DOE Gateway report shows LED roadway lighting needs faster ROI

July 14, 2012
A recent Gateway report has revealed that areas illuminated by three LED roadway luminaires installed in Portland, Oregon, performed well relative to a baseline HPS fixture, induction luminaire and ceramic metal halide luminaire, but the long payback period for LED luminaires remains a hindrance to wider adoption.
The US Department of Energy (DOE) has published the first evaluation report from a Gateway demonstration on NE Cully Boulevard, a residential collector road in Portland, OR. Six different types of roadway luminaires were installed in side-by-side groupings and evaluated for initial performance including: three LED (from three different manufacturers), one induction, one ceramic-metal halide, and one baseline high-pressure sodium (HPS).
The LED luminaires generally offered higher efficacy, more appropriate luminous intensity distribution and better color quality.
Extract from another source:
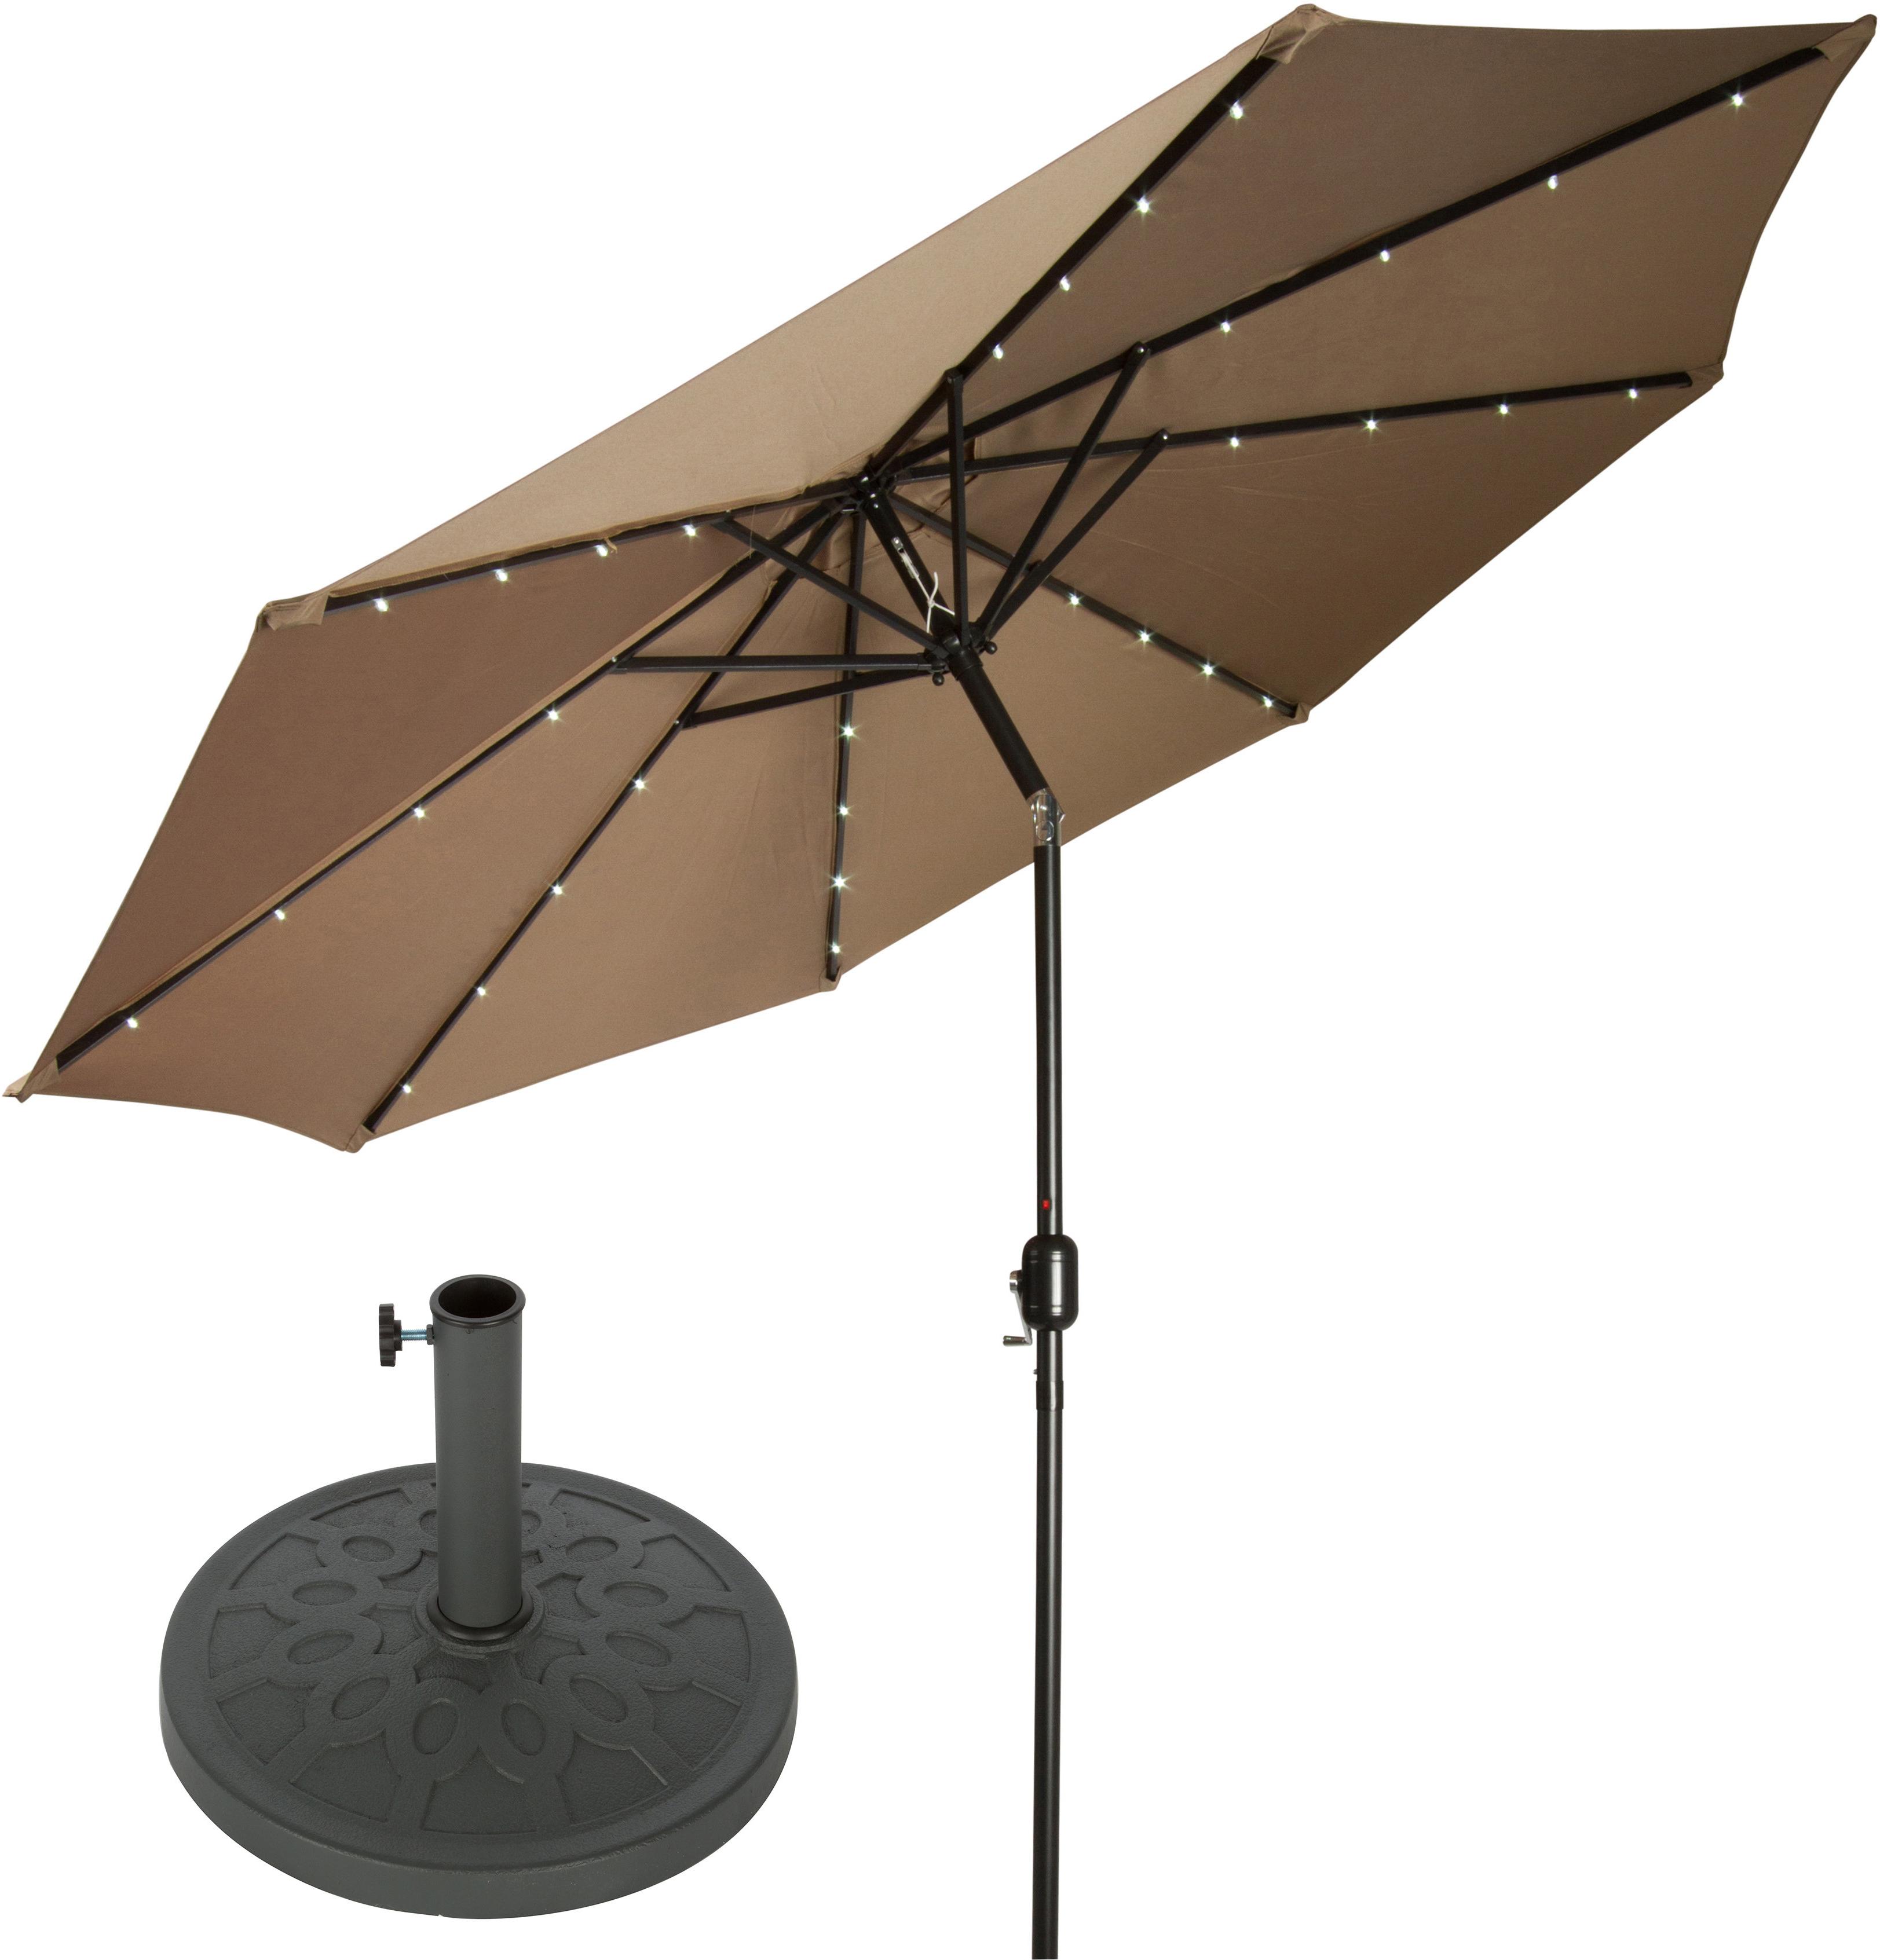 Branscum 9' Lighted Umbrella Within Well Liked Hettie Solar Lighted Market Umbrellas (Gallery 6 of 20)
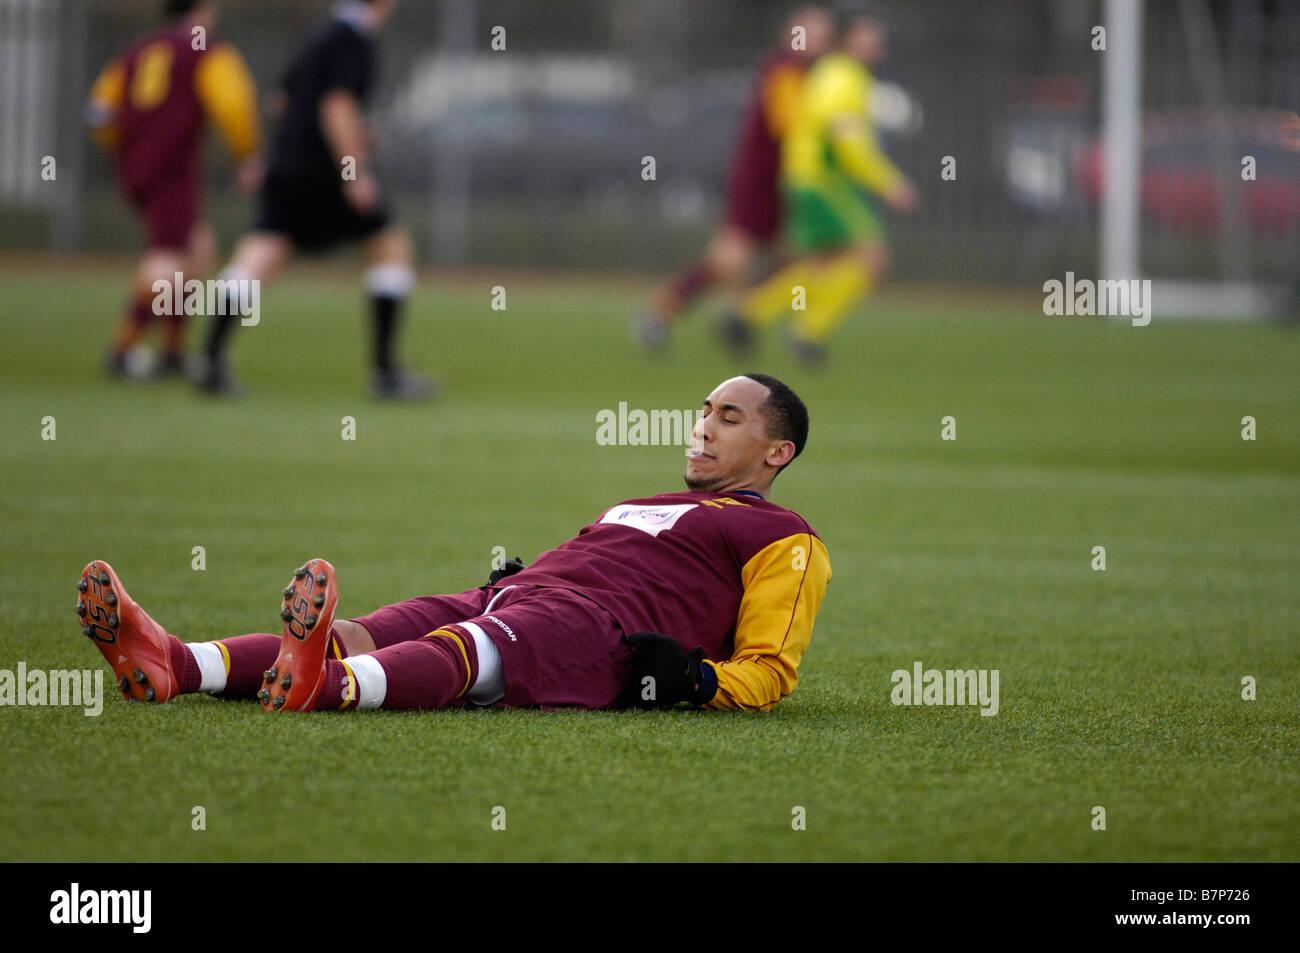 footballer suffering from cramp - Stock Image

However, the calculated payback period when luminaires are purchased in volume is just less than 10 years. This is not uncommon, as a separate Gateway demonstration program in New York estimated a payback period of 8-16 years for tested roadway luminaires from four manufacturers.

In addition to performance and economic feasibility data, the report also includes feedback collected from local Illuminating Engineering Society (IES) members who toured the site. Although the responses varied, the 38 IES members generally preferred the color quality offered by areas lit by the induction luminaire and one LED luminaire (B and C), while they did not favor the color quality offered by the HPS luminaire (F). Area C was also perceived as brighter and more uniform than the other areas, which matched the measurements; however, it had the highest average rating for glare and some respondents commented that there was too much light trespass. The report is available for download at the DOE website.

Roadway luminaire comparison

This report notes that some of the alternative luminaires did not provide sufficient illumination to all areas, including vehicular drive lanes, bicycle lanes, and sidewalks. In some cases, the LED luminaires would likely fail to meet design criteria over the life of the installation because of expected depreciation in lumen output.

A networked control system was installed on all luminaires and recorded power values were compared to spot measurements and the manufacturer reported values. While most power measurements were consistent with their expected values, one LED luminaire was substantially lower. The report notes that accuracy in reported values is essential because utilities often base tariffs on rated power. Discrepancies between rated power and measured power have been noted on several Gateway reports.

A simple payback analysis that included melded electricity cost ($0.09031/kWh), energy use and estimated maintenance cost revealed a shortest payback period of 17.3 years for the LED luminaires. Because this payback is affected greatly by the purchase price associated with low-volumes of luminaires, a recalculation was performed using prices more typical of higher-volume purchases, which shortens the payback period to less than 10 years. The City of Portland requires a 10-year payback period for all energy-efficiency projects.

In February of this year, the DOE Municipal Solid-State Street Lighting Consortium released its Retrofit Financial Analysis Tool, an Excel-based spreadsheet that helps cities and utilities estimate the cost and benefit of switching to LED-based street lighting using current prices. The tool is available for download at

Future roadway studies

The Pacific Northwest National Laboratory (PNNL) and Gateway program will continue to monitor and report on problems with this Portland installation. NE Cully Boulevard is intended to be the site of long-term testing and evaluation projects. Potential future investigations are likely to focus on monitoring luminaire performance, evaluating adaptive lighting techniques, generating long-term data on environmental conditions and energy use, and full demonstration of the capability, performance, and reliability of the control system. The results of future studies will be released in a supplemental Gateway report.